::: Source material :::

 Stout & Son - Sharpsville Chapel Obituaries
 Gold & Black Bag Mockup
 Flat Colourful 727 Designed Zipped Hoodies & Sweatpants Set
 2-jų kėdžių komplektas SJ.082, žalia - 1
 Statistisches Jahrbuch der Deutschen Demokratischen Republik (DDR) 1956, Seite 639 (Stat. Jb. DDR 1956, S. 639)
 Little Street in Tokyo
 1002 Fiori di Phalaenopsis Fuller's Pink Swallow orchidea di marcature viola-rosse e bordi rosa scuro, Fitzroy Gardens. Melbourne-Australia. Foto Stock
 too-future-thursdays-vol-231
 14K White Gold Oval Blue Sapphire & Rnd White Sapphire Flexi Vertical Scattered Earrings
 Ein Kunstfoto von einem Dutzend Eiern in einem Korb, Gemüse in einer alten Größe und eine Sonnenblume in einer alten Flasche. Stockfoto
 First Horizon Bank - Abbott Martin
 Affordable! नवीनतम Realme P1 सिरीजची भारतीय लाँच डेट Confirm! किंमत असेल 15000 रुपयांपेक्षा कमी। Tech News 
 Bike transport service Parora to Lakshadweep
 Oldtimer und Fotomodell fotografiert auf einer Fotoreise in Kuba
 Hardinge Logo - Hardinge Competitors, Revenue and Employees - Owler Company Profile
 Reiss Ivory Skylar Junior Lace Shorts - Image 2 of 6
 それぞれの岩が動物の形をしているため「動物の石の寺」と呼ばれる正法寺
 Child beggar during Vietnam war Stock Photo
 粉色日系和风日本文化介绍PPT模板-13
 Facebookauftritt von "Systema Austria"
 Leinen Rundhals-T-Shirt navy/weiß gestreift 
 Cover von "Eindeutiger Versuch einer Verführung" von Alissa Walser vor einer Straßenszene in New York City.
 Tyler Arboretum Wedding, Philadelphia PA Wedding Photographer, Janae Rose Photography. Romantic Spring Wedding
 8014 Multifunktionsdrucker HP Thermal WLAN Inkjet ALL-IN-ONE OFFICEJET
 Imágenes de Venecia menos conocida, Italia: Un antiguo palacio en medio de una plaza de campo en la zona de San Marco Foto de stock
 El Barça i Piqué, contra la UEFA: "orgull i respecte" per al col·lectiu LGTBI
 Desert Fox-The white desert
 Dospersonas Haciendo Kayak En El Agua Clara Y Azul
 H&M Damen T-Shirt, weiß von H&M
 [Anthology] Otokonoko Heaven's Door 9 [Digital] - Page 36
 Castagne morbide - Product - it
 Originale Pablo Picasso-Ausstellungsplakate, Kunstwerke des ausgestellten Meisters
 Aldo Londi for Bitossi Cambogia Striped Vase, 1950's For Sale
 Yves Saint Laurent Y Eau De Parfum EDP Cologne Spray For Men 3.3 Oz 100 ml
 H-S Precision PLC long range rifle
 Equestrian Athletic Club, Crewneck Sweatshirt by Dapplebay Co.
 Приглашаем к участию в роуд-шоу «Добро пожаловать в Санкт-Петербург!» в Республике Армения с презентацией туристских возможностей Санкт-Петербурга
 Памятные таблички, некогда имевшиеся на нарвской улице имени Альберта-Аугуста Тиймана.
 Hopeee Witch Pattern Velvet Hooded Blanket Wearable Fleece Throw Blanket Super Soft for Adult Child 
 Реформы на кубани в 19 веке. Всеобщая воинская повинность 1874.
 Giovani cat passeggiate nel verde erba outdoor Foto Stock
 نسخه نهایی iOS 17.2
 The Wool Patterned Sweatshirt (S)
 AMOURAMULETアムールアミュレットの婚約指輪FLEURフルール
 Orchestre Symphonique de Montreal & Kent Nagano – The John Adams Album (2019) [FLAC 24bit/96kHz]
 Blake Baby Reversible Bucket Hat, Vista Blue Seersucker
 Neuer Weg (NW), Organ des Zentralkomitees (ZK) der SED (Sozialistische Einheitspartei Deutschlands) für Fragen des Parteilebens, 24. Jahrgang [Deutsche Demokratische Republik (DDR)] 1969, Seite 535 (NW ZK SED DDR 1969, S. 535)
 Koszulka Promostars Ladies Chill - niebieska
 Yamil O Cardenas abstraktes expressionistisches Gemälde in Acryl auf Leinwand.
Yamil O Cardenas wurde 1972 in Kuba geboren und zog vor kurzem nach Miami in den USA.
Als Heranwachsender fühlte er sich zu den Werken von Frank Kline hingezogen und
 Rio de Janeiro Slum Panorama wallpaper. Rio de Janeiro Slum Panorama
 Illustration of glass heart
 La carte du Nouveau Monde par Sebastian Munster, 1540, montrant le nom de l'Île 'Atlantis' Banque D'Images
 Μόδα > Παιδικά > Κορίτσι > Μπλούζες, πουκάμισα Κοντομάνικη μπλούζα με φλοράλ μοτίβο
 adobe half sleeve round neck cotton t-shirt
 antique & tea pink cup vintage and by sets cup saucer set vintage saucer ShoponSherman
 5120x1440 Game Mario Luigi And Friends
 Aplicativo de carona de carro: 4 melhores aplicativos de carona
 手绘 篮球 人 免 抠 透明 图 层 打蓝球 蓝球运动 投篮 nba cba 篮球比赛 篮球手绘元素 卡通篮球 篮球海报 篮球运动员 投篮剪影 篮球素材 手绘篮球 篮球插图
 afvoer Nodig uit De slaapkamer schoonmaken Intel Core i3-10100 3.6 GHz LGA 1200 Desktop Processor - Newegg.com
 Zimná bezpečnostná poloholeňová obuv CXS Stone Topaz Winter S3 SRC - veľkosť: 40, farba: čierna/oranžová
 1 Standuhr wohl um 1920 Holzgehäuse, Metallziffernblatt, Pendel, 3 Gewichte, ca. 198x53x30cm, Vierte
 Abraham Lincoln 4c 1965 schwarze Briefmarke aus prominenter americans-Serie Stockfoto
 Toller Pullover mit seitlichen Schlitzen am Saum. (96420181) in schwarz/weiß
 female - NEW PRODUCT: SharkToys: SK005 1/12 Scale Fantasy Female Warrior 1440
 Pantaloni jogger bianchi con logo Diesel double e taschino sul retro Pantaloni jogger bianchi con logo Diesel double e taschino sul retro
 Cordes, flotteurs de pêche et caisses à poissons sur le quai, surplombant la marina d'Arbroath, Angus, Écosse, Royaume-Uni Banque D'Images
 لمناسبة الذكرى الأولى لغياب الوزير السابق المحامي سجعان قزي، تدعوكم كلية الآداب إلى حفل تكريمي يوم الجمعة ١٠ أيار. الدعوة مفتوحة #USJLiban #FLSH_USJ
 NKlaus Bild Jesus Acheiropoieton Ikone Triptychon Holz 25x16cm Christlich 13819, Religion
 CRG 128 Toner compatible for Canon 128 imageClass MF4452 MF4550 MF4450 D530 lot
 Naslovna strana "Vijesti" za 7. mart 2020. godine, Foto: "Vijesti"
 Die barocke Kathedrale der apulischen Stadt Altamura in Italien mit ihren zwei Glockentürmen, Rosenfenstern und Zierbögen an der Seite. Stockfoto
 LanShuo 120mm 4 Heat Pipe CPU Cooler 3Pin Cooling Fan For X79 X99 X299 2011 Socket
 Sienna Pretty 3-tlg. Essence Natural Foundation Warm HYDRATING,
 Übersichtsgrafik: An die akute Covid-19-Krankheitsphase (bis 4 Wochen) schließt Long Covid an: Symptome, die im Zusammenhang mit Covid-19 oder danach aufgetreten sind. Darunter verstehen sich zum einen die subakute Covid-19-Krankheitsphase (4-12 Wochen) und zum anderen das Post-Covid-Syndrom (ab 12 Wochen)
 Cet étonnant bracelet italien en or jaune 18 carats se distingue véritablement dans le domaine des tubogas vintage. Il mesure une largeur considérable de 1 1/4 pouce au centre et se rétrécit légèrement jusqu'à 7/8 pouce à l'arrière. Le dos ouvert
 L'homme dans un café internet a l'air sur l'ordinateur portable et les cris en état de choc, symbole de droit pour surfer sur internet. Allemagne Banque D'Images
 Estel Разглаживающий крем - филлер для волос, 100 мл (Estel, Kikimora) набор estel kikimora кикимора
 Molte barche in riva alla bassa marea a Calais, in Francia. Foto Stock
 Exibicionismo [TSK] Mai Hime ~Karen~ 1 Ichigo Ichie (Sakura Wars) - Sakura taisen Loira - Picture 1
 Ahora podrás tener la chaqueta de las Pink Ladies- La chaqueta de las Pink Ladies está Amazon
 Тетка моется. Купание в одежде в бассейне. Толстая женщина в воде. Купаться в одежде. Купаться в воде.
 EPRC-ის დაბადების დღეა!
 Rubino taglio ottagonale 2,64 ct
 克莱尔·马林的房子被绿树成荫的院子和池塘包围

:::

Activity:
From the records above, extract exactly and only the lines that begin at the line with "Statistisches Jahrbuch der" and stop after the line with "too-future-thursdays-vol-231".

Problem solution:
 Statistisches Jahrbuch der Deutschen Demokratischen Republik (DDR) 1956, Seite 639 (Stat. Jb. DDR 1956, S. 639)
 Little Street in Tokyo
 1002 Fiori di Phalaenopsis Fuller's Pink Swallow orchidea di marcature viola-rosse e bordi rosa scuro, Fitzroy Gardens. Melbourne-Australia. Foto Stock
 too-future-thursdays-vol-231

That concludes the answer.